『言葉につける薬』ー呉智英
●角隠しは何を隠すか-②

 
 日常生活は洋風になってきたが、花嫁衣装は和風という場合が多い。その和風の花嫁衣装で頭にかぶる”角隠し”という一種の帽子がある。これは何を隠すのだろうか。角とは何か。悋気(りんき)だの出しゃばりだのの象徴としての角である。こういう角を抑えて従順な良き妻に、と言ってしまえば古くさく聞こえるけれど、あながち間違いではない。
そう、お姉さんの結婚式の時にも恩師の校長先生がそんな祝辞をくださったはずだ・・・・・・と、こんな風に誰しも思うだろう。

だが、それは真実だろうか?辞書を引いてみよう。どの辞書にも「角隠し」が「角を隠す」とは書いていない。もっとも、「角を隠すのではない」とも書いていない。それなら、常識的に「角を隠す」と解すべきなのだろうか。

昭和8年初版発行の『大言海』を引いてみよう。
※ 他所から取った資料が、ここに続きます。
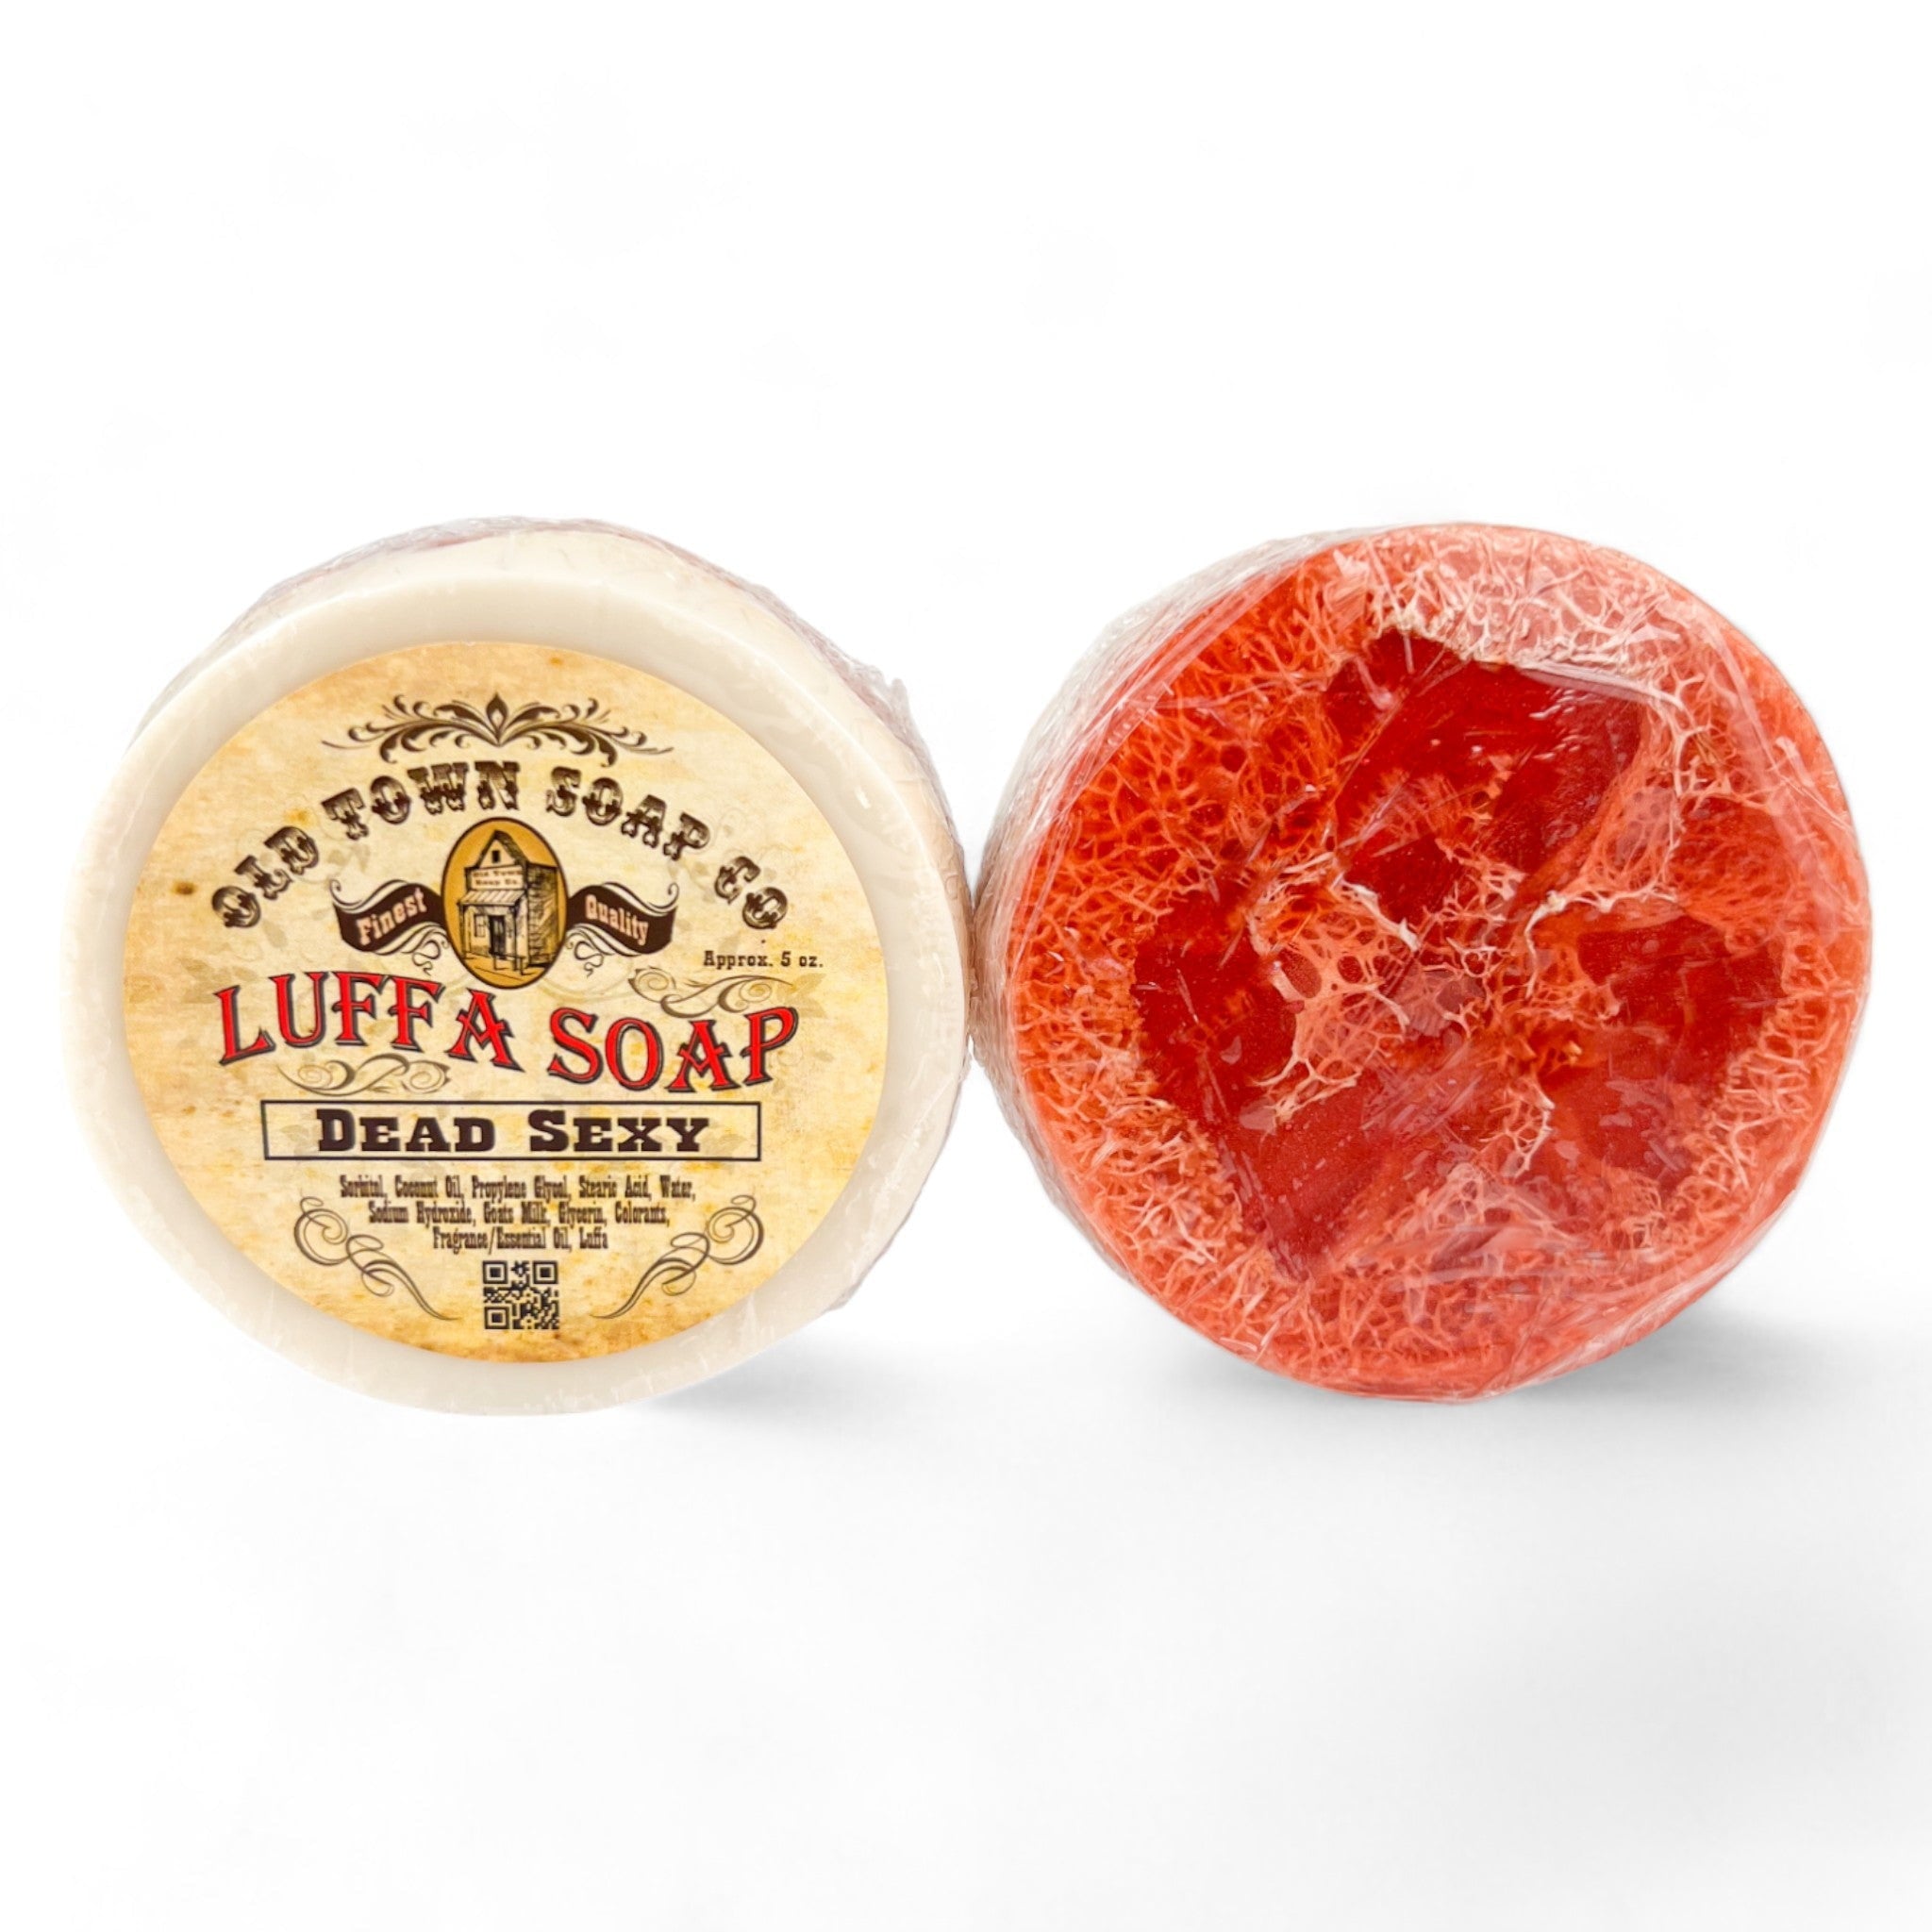 Dead Sexy -Luffa Soap - Old Town Soap Co.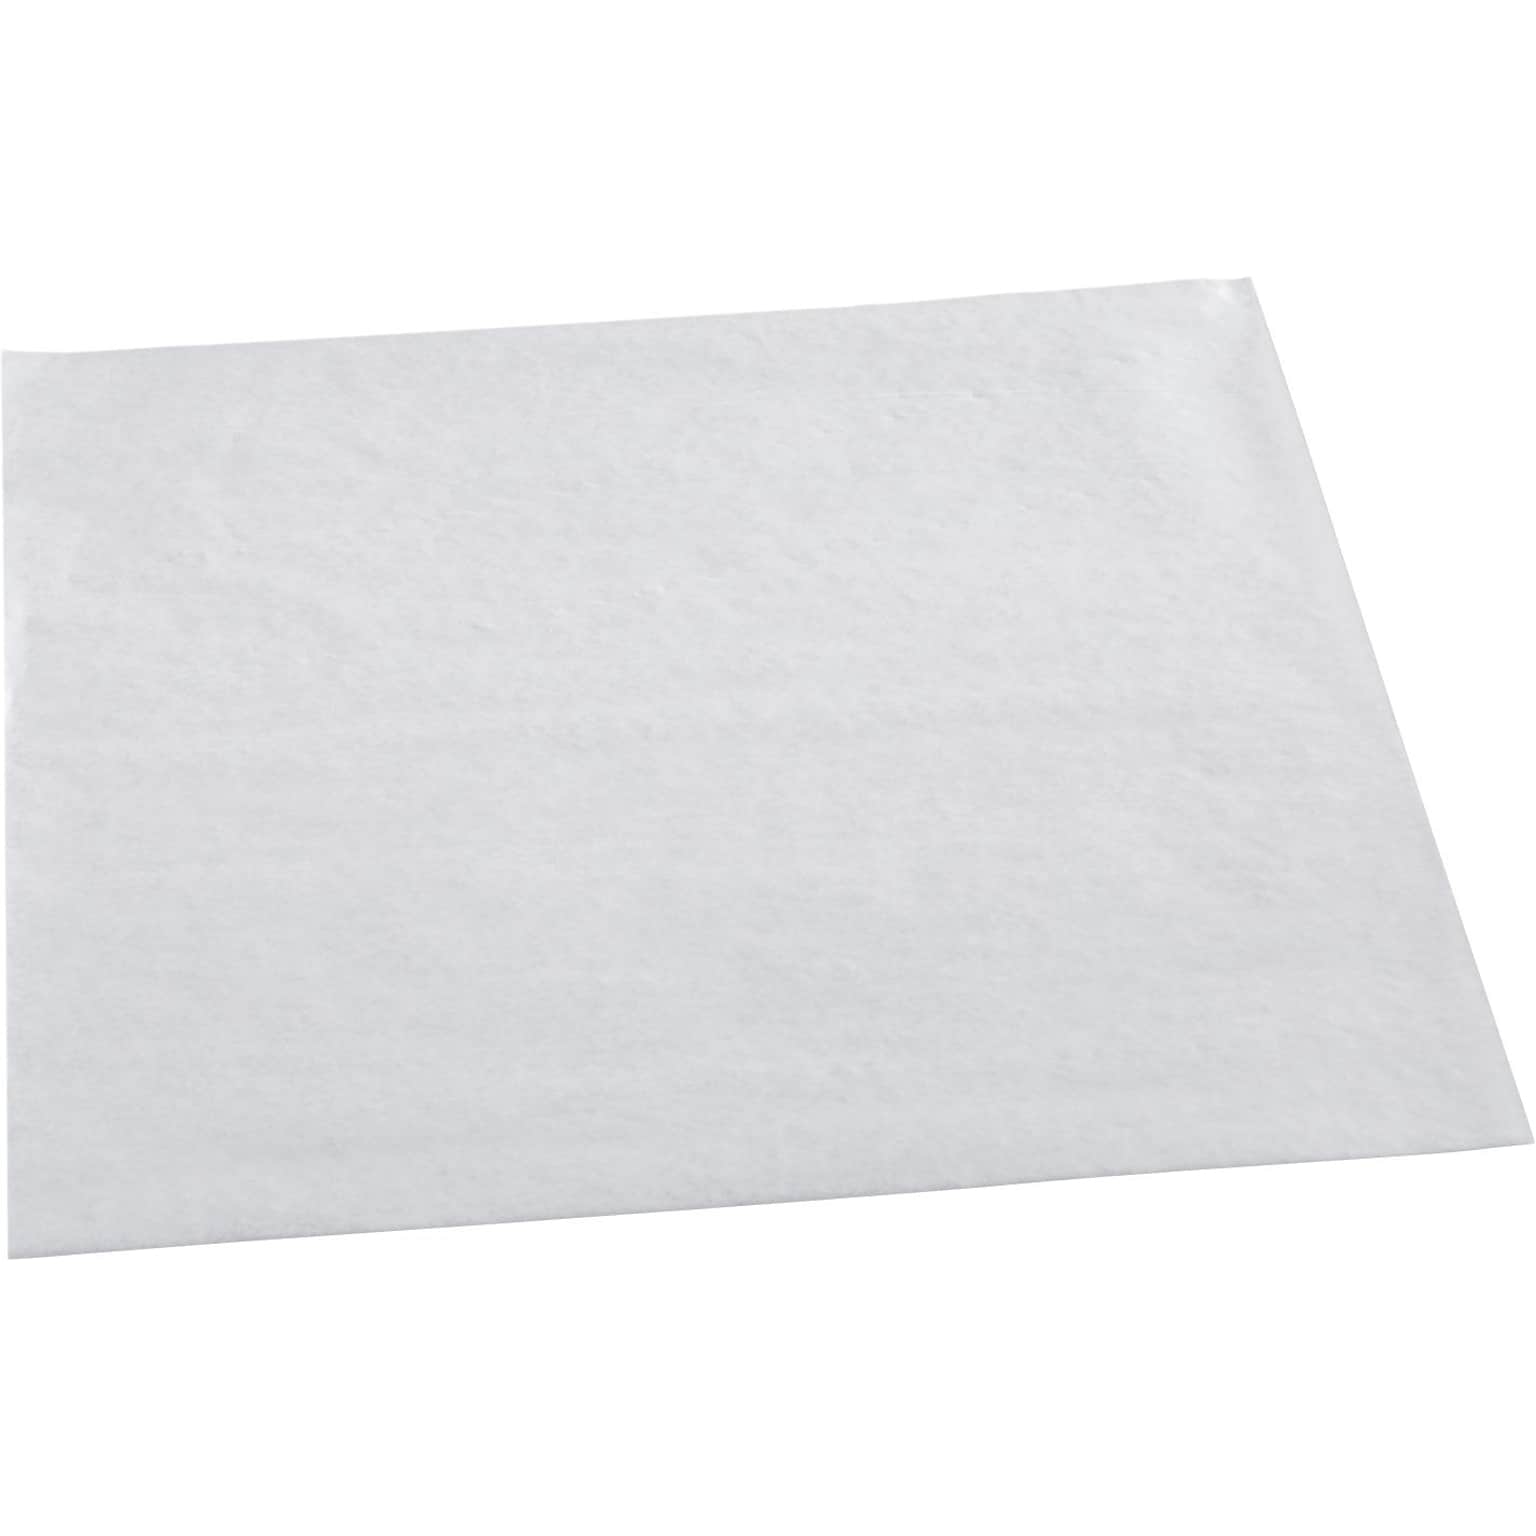 Marcal Deli Wrap Dry Waxed Paper Flat Sheet, 15 x 15, White, 1000/Pack, 3 Packs/Carton (MCD8223)

驚くべきことが書いてある。

●つのかくし 
《角隠》婦人の仏参などの時に用いる一種の製(こしらえ)の帽子。今は結婚の式に、新婦の被(かぶ)る一種の頭飾りをも云う。

●すみかくし
《角隠》額付きの角を隠すの意か。角頭巾も、あり。ツノカクシと読むは非なり。真宗信者の婦女などが、寺詣りに被るもの・・・・・・・。

なんと、角隠しが隠すのは角ではなくおでこの角なのである。「ツノカクシと読むは非なり」、すなわち「角隠(つのかく)し」は誤読なのだ。「角(すみ)におけない」を「つのにおけない」とよんだようなものである。こんな誤読が半世紀もたつと、誤読であることさえ辞書に記されずに、誤読のほうが項目として採用されるようになってしまった。

そして、「角隠し」は女を従順にする麗しい伝統なのだと”悪いイデオロギー”は主張し、いや、だから古い因習は打破すべきだと、”良いイデオロギー”は主張する。軍国主義も国粋主義も民主主義も、真実を見ず、真実を見えなくして得意がっている。